I also got this error (the same logs also with AWS_REGION env). The error does not appears with clusters upgraded (I tried to upgrade from 1.29 in series), only on new clusters.
@sivachandran-s the workaround which you followed is updating the EKS AMI type to "AL2_x86_64" instead of using the default type is working fine, it actually fixed that issue. But what is the permanent fix of this? Are you aware of it or anybody know, please let us know here
Unfortunately in the near future kubernetes v1.33 will be required in AWS, which will force us to use the AL2023-x86_64 images, which are already being applied by default to new clusters. When this happens, autoscaler will be broken without an available workaround.
I just ran into this myself, has a more permanent fix been found?
any update on this? as 4 months left people should be already started migrating to AL2023 due to the EKS AMI end-of-support.
I've found a workaround.
- Install the
Amazon EKS Pod Identity Agentto the cluster - Assign the required IAM policy to a new IAM role, where you specify the
cluster-autoscalerService Account in the trust-relationship. - Annotate the
cluster-autoscalerService Account with the new role ARN.
It's some extra step, but at least it's working with AL2023 images. I followed these docs: CA_with_AWS_IAM_OIDC IAM roles for service accounts
Extra info about the issue:
https://github.com/awslabs/amazon-eks-ami/issues/1696
For IMDSv2, the default hop count for managed node groups is set to 1. This means that containers won't have access to the node's credentials using IMDS. If you require container access to the node's credentials, you can still do so by manually overriding the HttpPutResponseHopLimit in a custom EC2 launch template, increasing it to 2, and by using EKS Pod Identity.

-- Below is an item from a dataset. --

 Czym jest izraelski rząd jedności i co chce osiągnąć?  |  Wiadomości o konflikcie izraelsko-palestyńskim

@adrianmoisey (since you tagged this originally) - Are there any updates here that do not require creating new IAM policies or roles? Time's quickly running out, so having an official response would be greatly appreciated
@adrianmoisey (since you tagged this originally) - Are there any updates here that do not require creating new IAM policies or roles? Time's quickly running out, so having an official response would be greatly appreciated
I don't work on the cluster-autoscaler, so I can't help.

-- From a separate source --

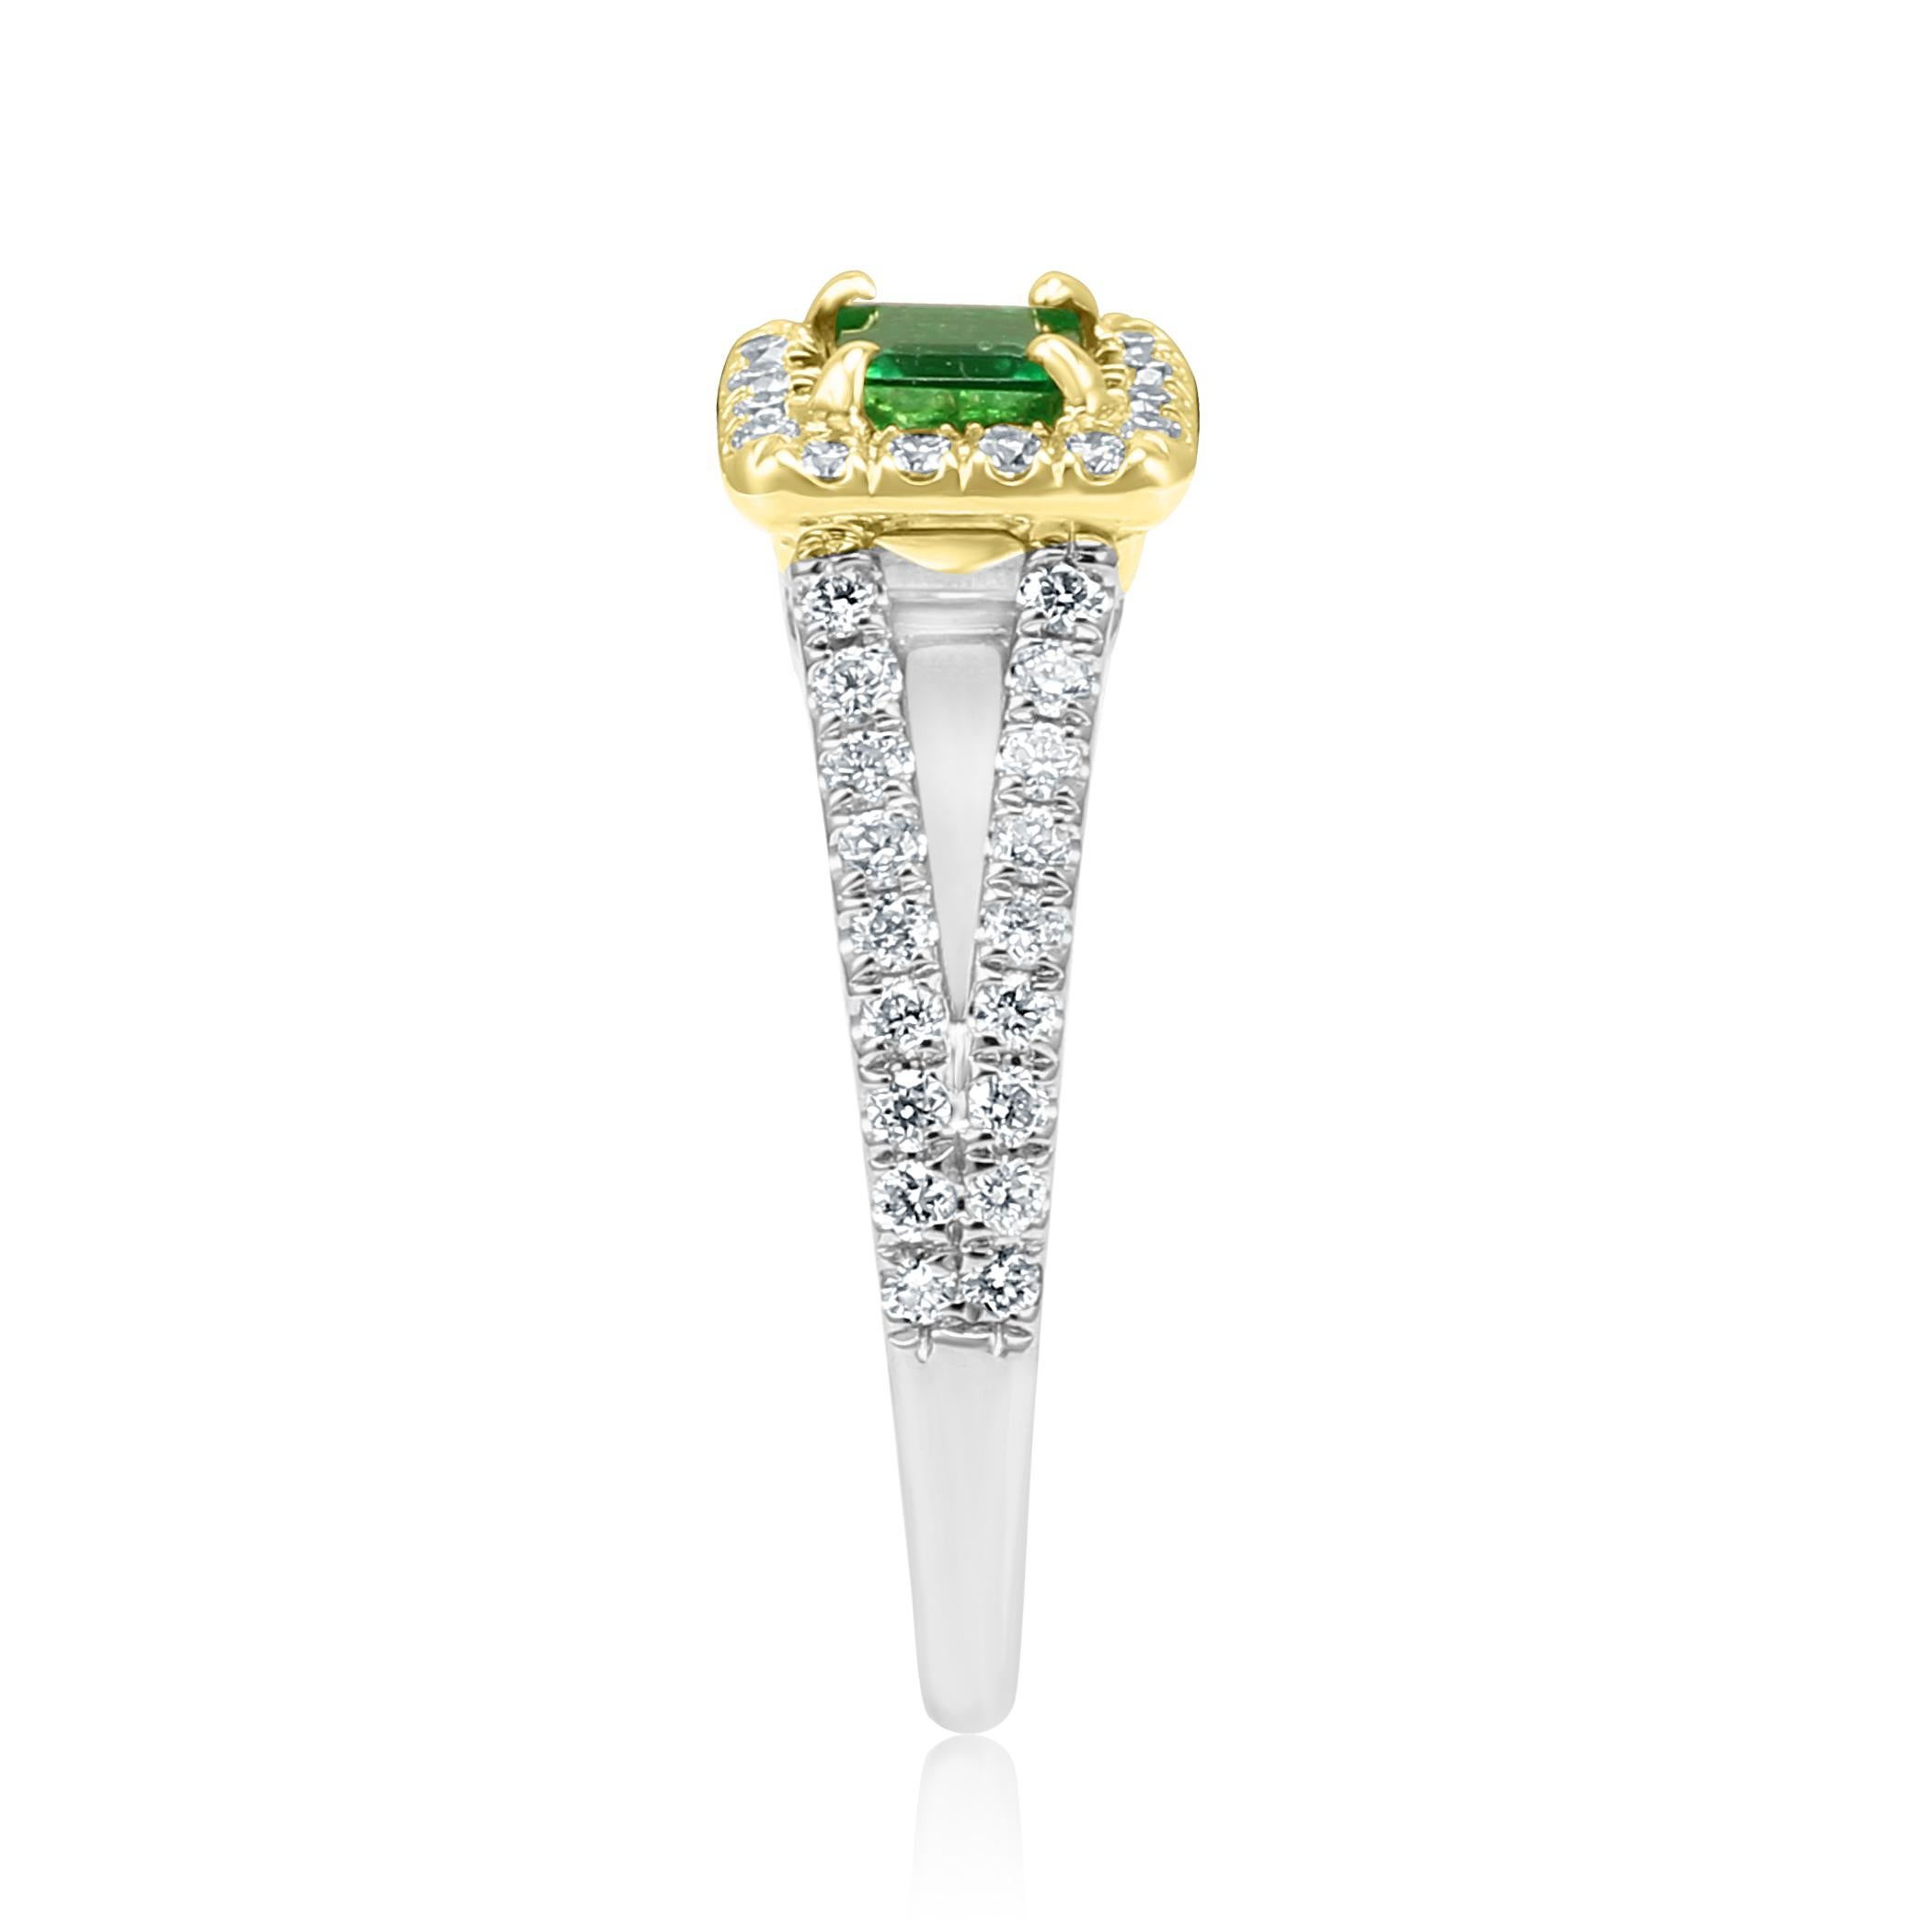 Emerald Emerald Cut White Diamond Halo Two Color Gold Bridal Fashion Ring 1

Another workaround is to enable IMDSv1 via the launch template of the node group. I also increased the hop limit to 3 but not sure if that's needed.
This is an AWS provider issue, so the right people to tag are the @gjtempleton and @drmorr0 who are currently in OWNERS file.
Ref: https://github.com/kubernetes/autoscaler/blob/master/cluster-autoscaler/cloudprovider/aws/OWNERS
any updates on this one ? EKS 1.33 doesn't work, even when updating to registry.k8s.io/autoscaling/cluster-autoscaler:v1.33.0
Failed to regenerate ASG cache: MissingRegion: could not find region configuration Failed to create AWS Manager: MissingRegion: could not find region configuration
I am also getting this issue using cluster-autoscaler:v1.33.0 with node pool using Amazon Linux 2023.7.20250609 image. Any updates?
We are forced to upgrade EKS cluster to newer version to avoid the extended support pricing and we are now not having the option to use older version of AMI AL2_x86_64. We only have option with AL2023-x86_64 but this breaks our cluster-autoscaler. It has been a year now since the ticket was opened and no fix version for this.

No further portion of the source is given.